> Task item
The copy you return must match the listing word for word and carry no pictures.

> Exercise data
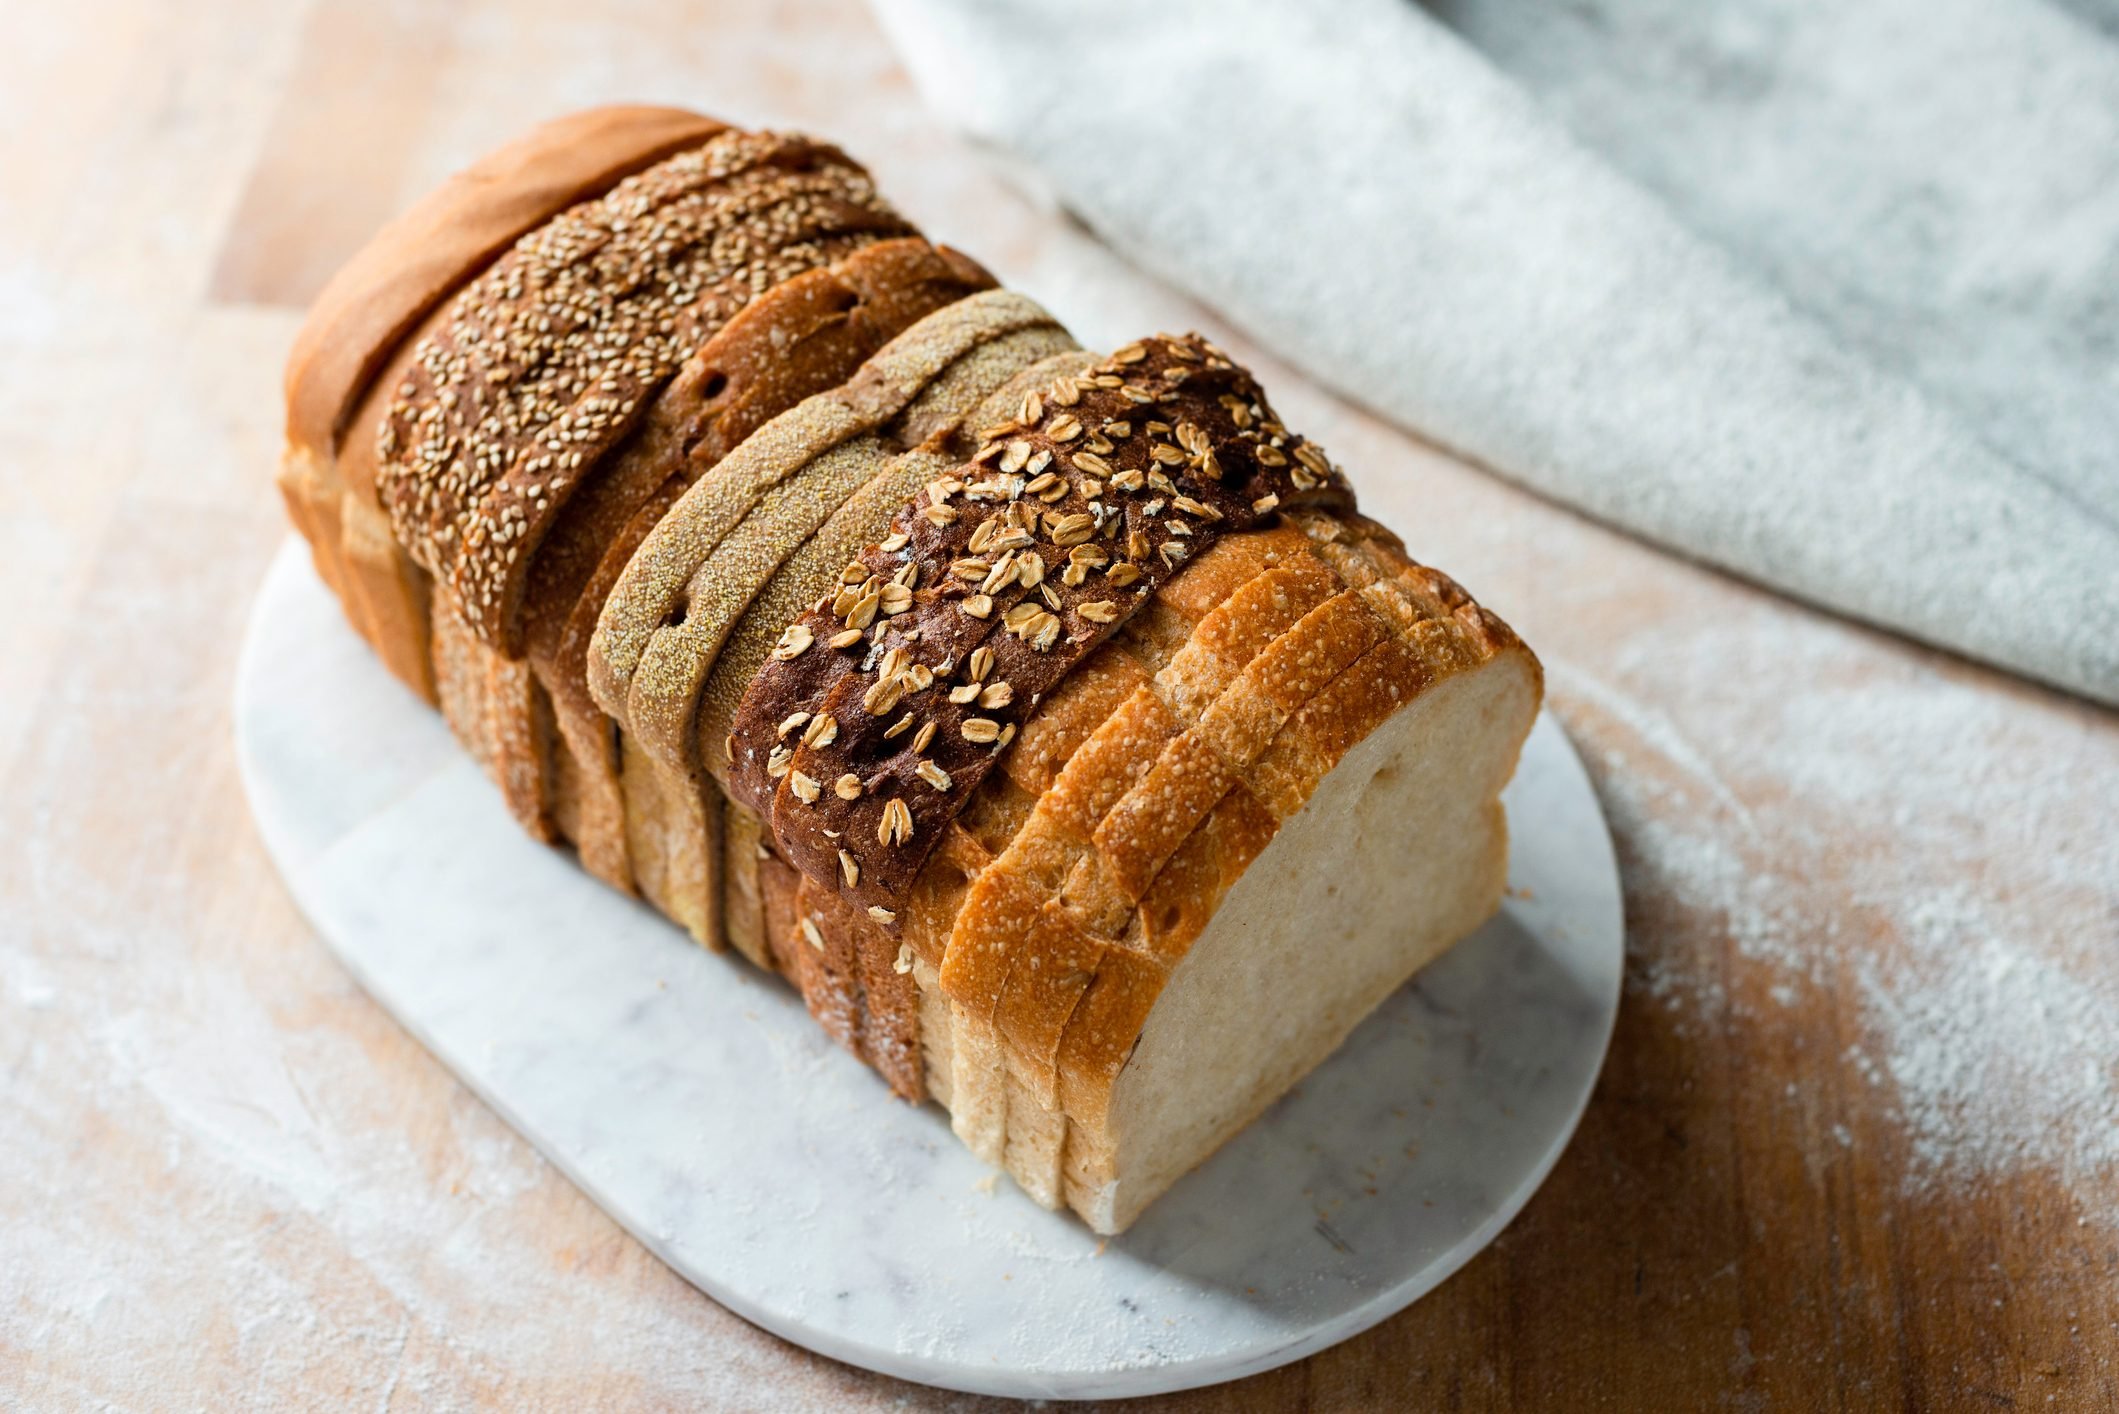 What Is the Healthiest Bread? - The Healthy
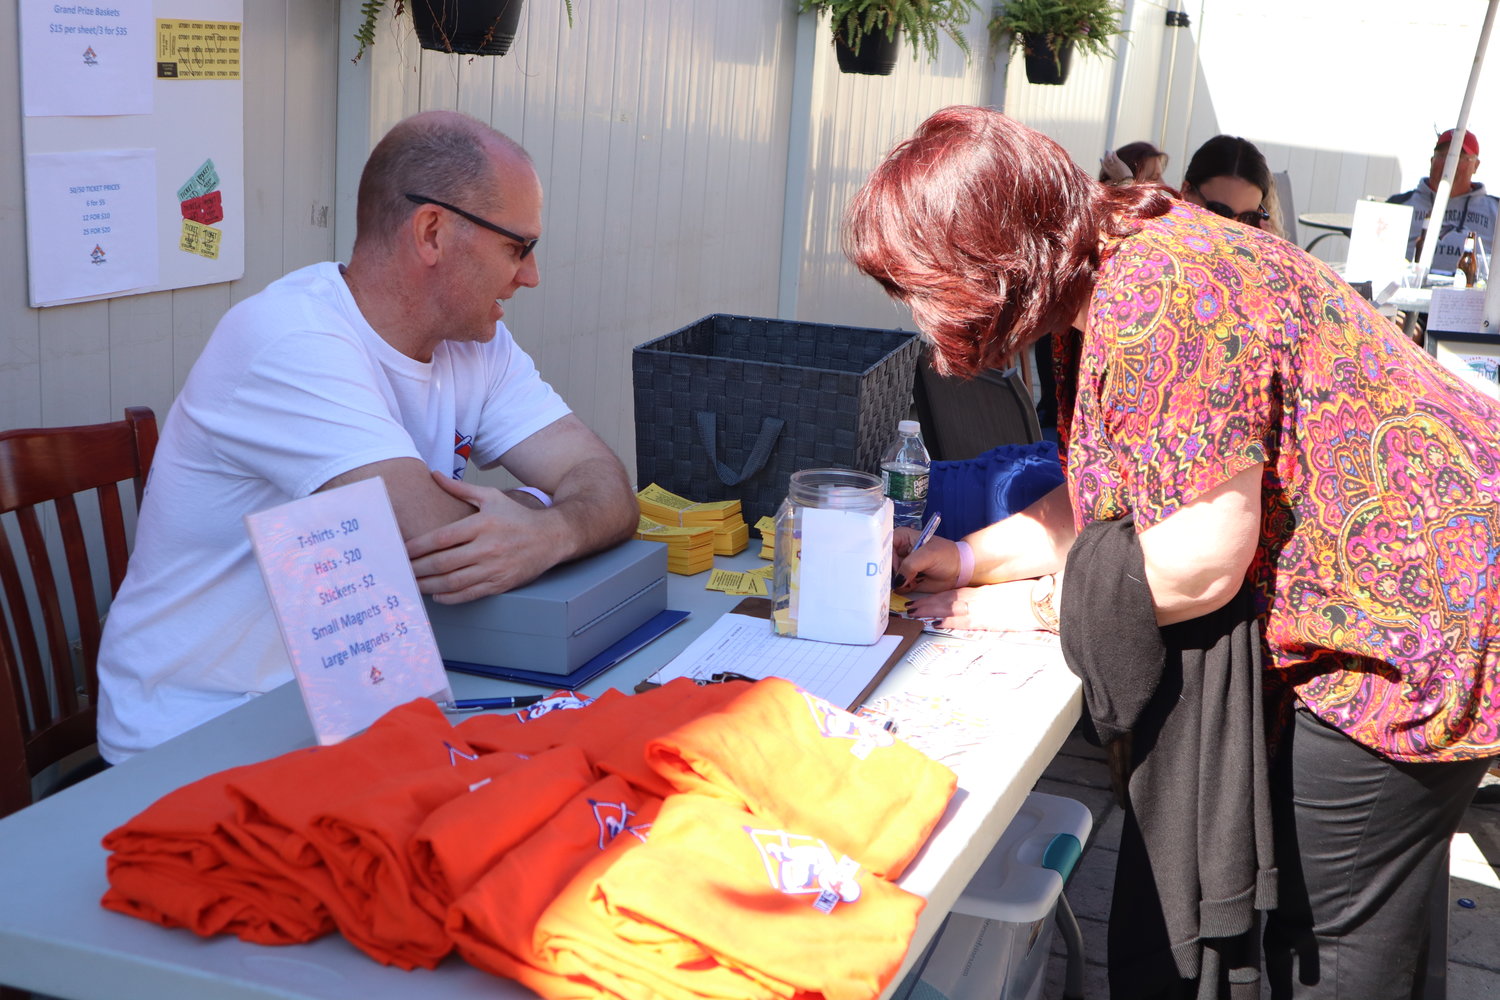 George Biegner sells merchandise and raffle tickets to help raise money for charity.
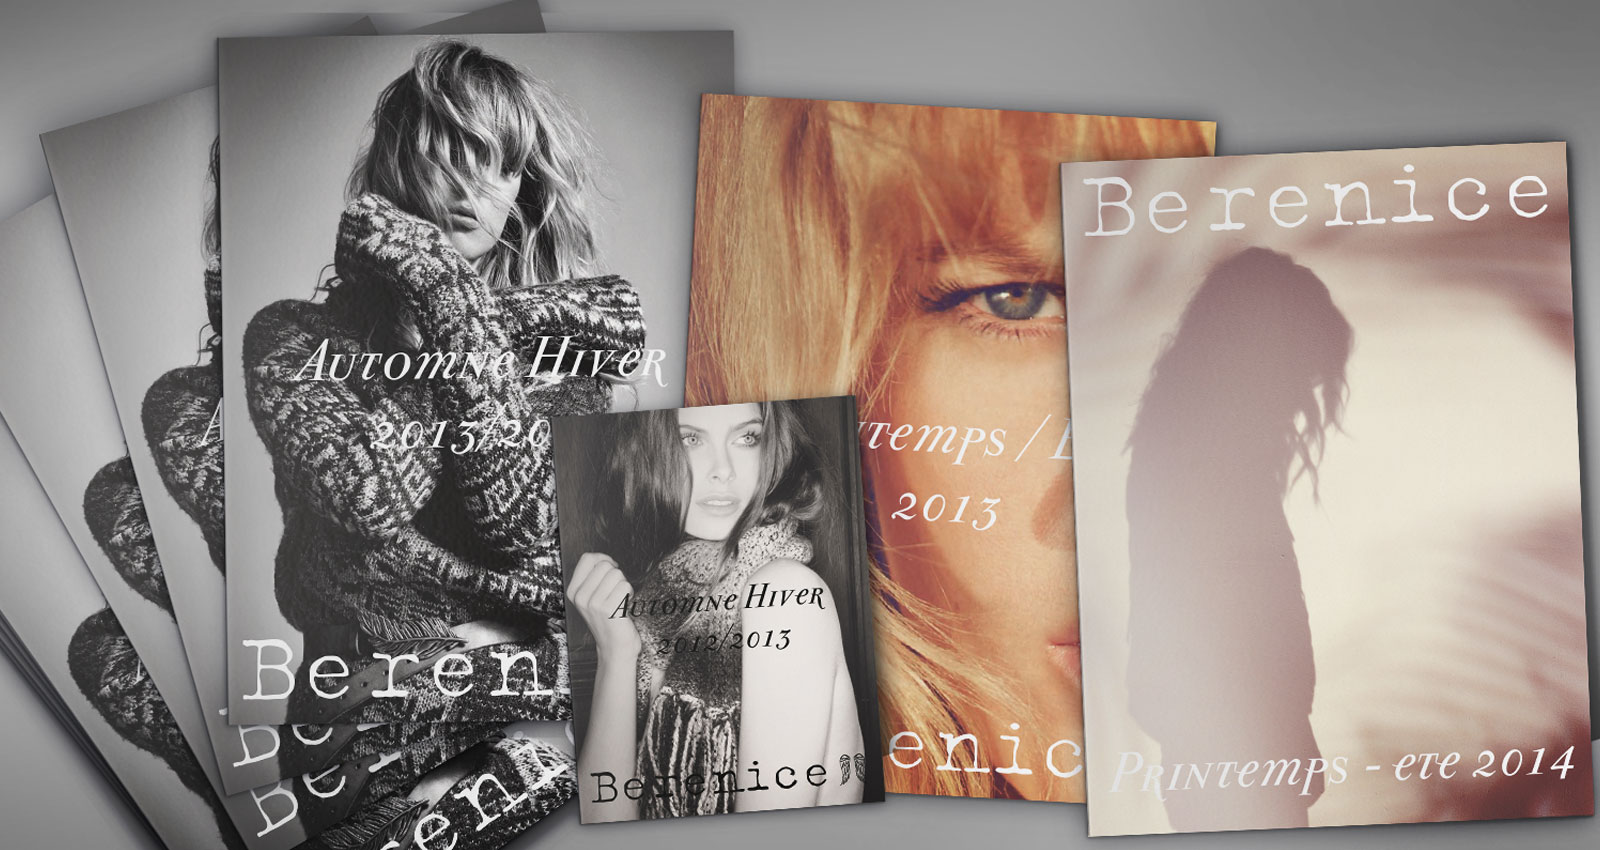 Catalogues for Bérénice fashion brand

> Expected answer
 What Is the Healthiest Bread? - The Healthy
 George Biegner sells merchandise and raffle tickets to help raise money for charity.
 Catalogues for Bérénice fashion brand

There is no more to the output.